The XmlPublisherDataLoaderFilter is a IDataLoaderFilter that may be configured to publish specific tables as an XML message to a JMS provider. See Chapter 6, Extending SymmetricDS for information on how to configure an extension point. If the publish to JMS fails, the batch will be marked in error, the loaded data for the batch will be rolled back and the batch will be retried during the next synchronization run.
The following is an example extension point configuration that will publish four tables in XML with a root tag of 'sale'. Each XML message will be grouped by the batch and the column names identified by the groupByColumnNames property which have the same values.
<?xml version="1.0" encoding="UTF-8"?> <beans xmlns="http://www.springframework.org/schema/beans" xmlns:xsi="http://www.w3.org/2001/XMLSchema-instance" xmlns:context="http://www.springframework.org/schema/context" xsi:schemaLocation="http://www.springframework.org/schema/beans http://www.springframework.org/schema/beans/spring-beans-3.0.xsd http://www.springframework.org/schema/context http://www.springframework.org/schema/context/spring-context-3.0.xsd"> <bean id="configuration-publishingFilter" class="org.jumpmind.symmetric.integrate.XmlPublisherDataLoaderFilter"> <property name="xmlTagNameToUseForGroup" value="sale"/> <property name="tableNamesToPublishAsGroup"> <list> <value>SALE_TX</value> <value>SALE_LINE_ITEM</value> <value>SALE_TAX</value> <value>SALE_TOTAL</value> </list> </property> <property name="groupByColumnNames"> <list> <value>STORE_ID</value> <value>BUSINESS_DAY</value> <value>WORKSTATION_ID</value> <value>TRANSACTION_ID</value> </list> </property> <property name="publisher"> <bean class="org.jumpmind.symmetric.integrate.SimpleJmsPublisher"> <property name="jmsTemplate" ref="definedSpringJmsTemplate"/> </bean> </property> </bean> </beans>
The publisher property on the XmlPublisherDataLoaderFilter takes an interface of type IPublisher. The implementation demonstrated here is an implementation that publishes to JMS using Spring's JMS template. Other implementations of IPublisher could easily publish the XML to other targets like an HTTP server, the file system or secure copy it to another server.

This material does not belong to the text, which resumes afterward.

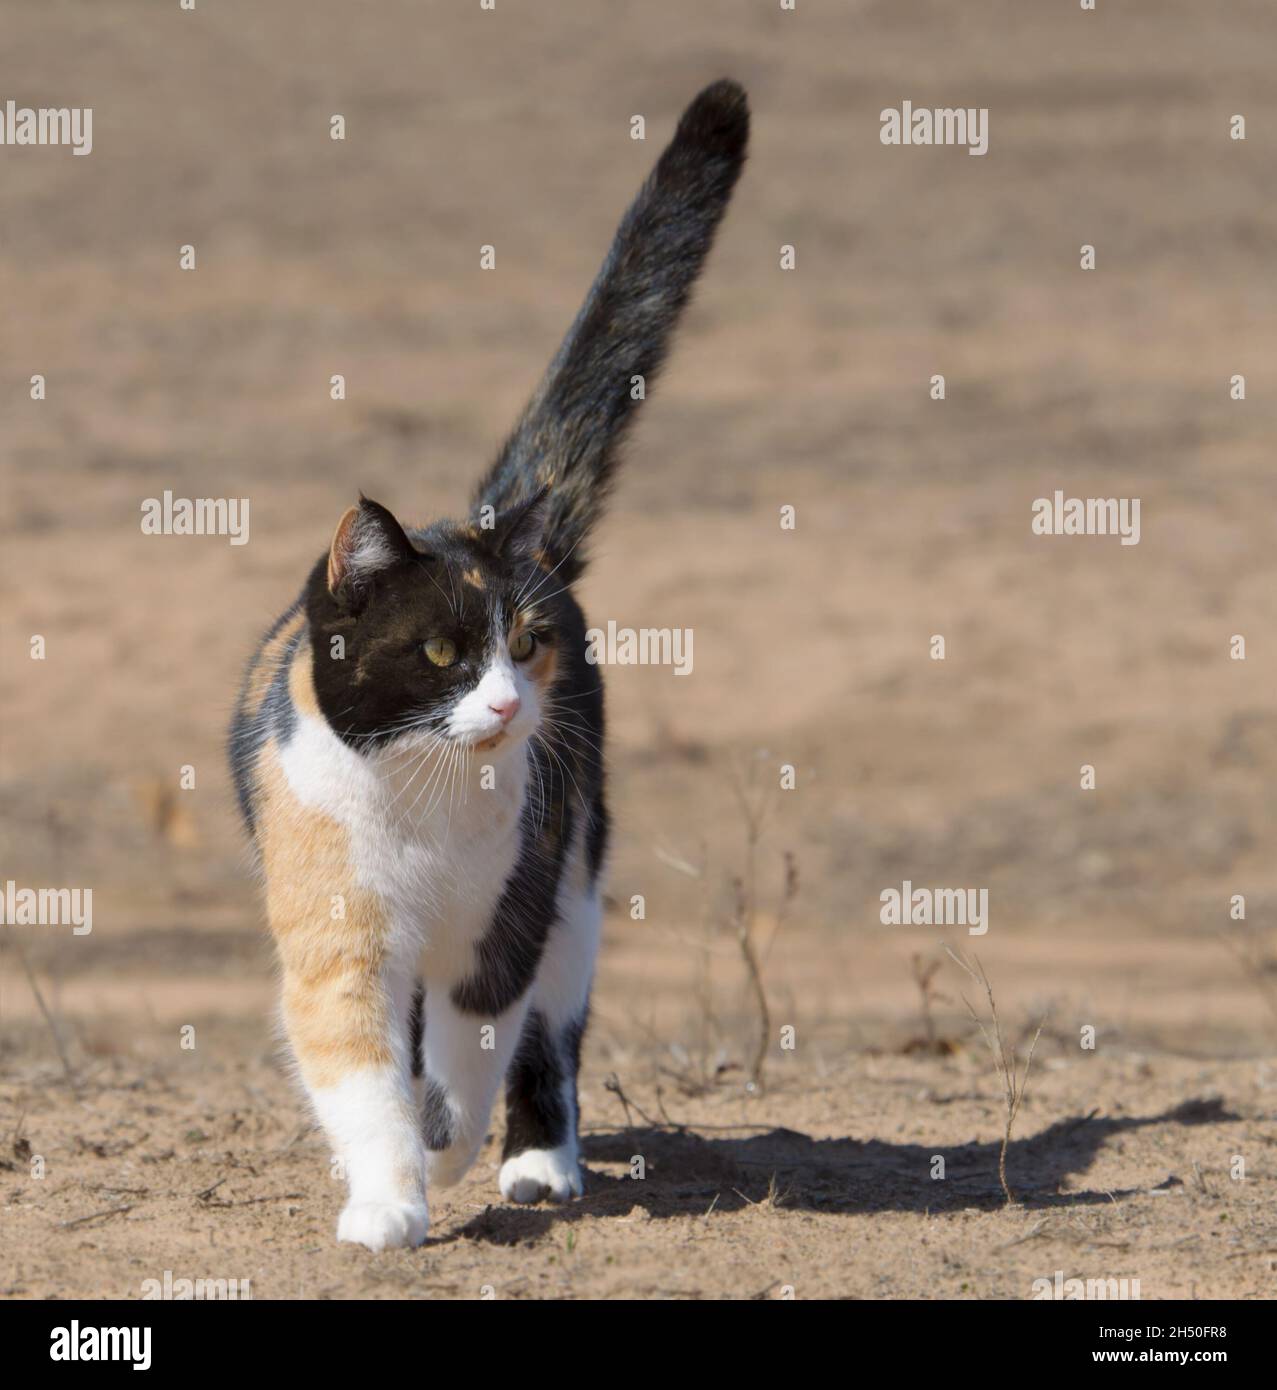 Hermoso gato calico caminando hacia el espectador al aire libre con su cola alta mostrando confianza, mirando a la derecha del espectador Foto de stock
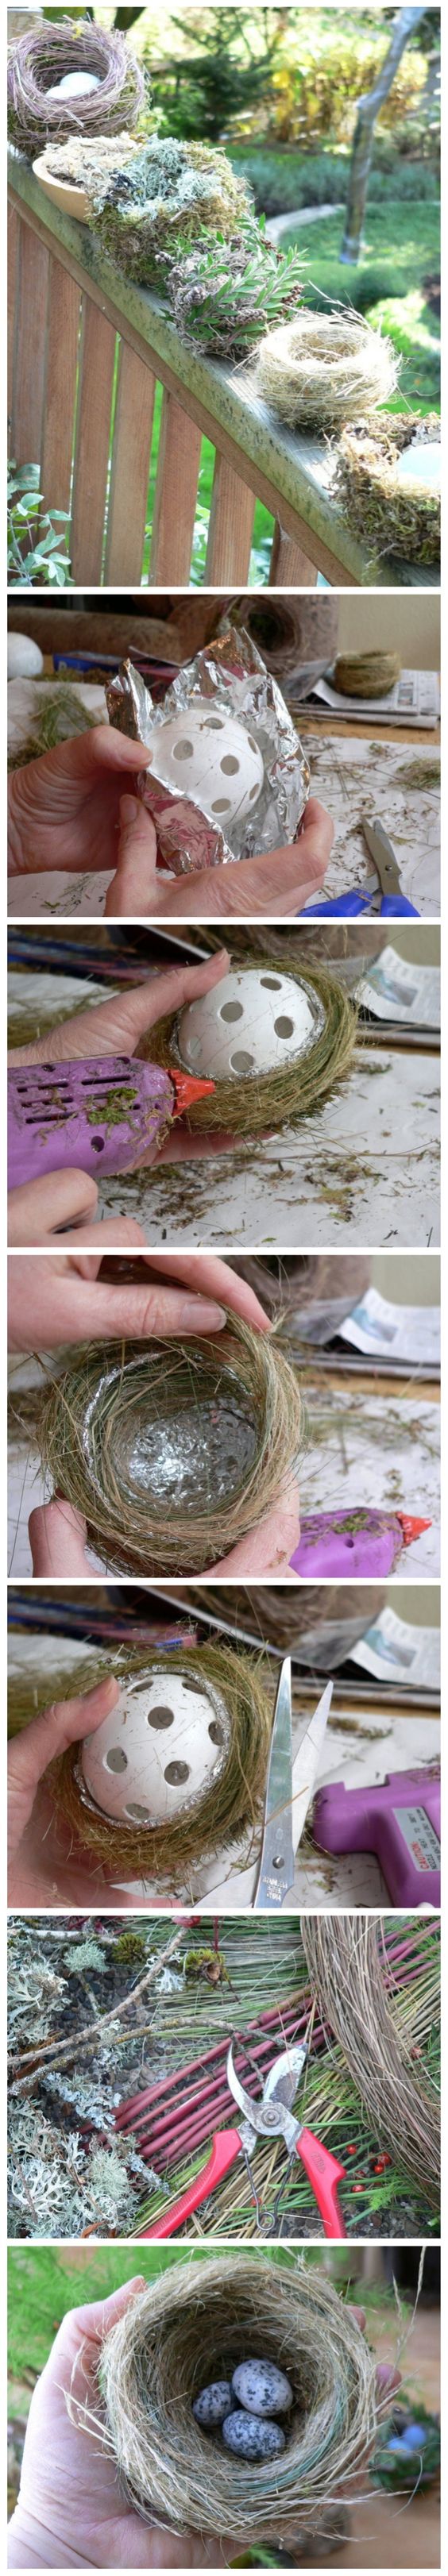 How to make a decorative bird nest

The above configuration will publish XML similiar to the following:
<?xml version="1.0" encoding="UTF-8"?> <sale xmlns:xsi="http://www.w3.org/2001/XMLSchema-instance" id="0012010-01-220031234" nodeid="00001" time="1264187704155"> <row entity="SALE_TX" dml="I"> <data key="STORE_ID">001</data> <data key="BUSINESS_DAY">2010-01-22</data> <data key="WORKSTATION_ID">003</data> <data key="TRANSACTION_ID">1234</data> <data key="CASHIER_ID">010110</data> </row> <row entity="SALE_LINE_ITEM" dml="I"> <data key="STORE_ID">001</data> <data key="BUSINESS_DAY">2010-01-22</data> <data key="WORKSTATION_ID">003</data> <data key="TRANSACTION_ID">1234</data> <data key="SKU">9999999</data> <data key="PRICE">10.00</data> <data key="DESC" xsi:nil="true"/> </row> <row entity="SALE_LINE_ITEM" dml="I"> <data key="STORE_ID">001</data> <data key="BUSINESS_DAY">2010-01-22</data> <data key="WORKSTATION_ID">003</data> <data key="TRANSACTION_ID">1234</data> <data key="SKU">9999999</data> <data key="PRICE">10.00</data> <data key="DESC" xsi:nil="true"/> </row> <row entity="SALE_TAX" dml="I"> <data key="STORE_ID">001</data> <data key="BUSINESS_DAY">2010-01-22</data> <data key="WORKSTATION_ID">003</data> <data key="TRANSACTION_ID">1234</data> <data key="AMOUNT">1.33</data> </row> <row entity="SALE_TOTAL" dml="I"> <data key="STORE_ID">001</data> <data key="BUSINESS_DAY">2010-01-22</data> <data key="WORKSTATION_ID">003</data> <data key="TRANSACTION_ID">1234</data> <data key="AMOUNT">21.33</data> </row> </sale>
To publish JMS messages during routing
the same pattern is valid, with the exception that the extension point would be the XmlPublisherDataRouter and the router
would be configured by setting the router_type
of a ROUTER to the Spring bean
name of the registered extension point. Of course, the router would need to be linked through TRIGGER_ROUTERs
to each TRIGGER table that needs published.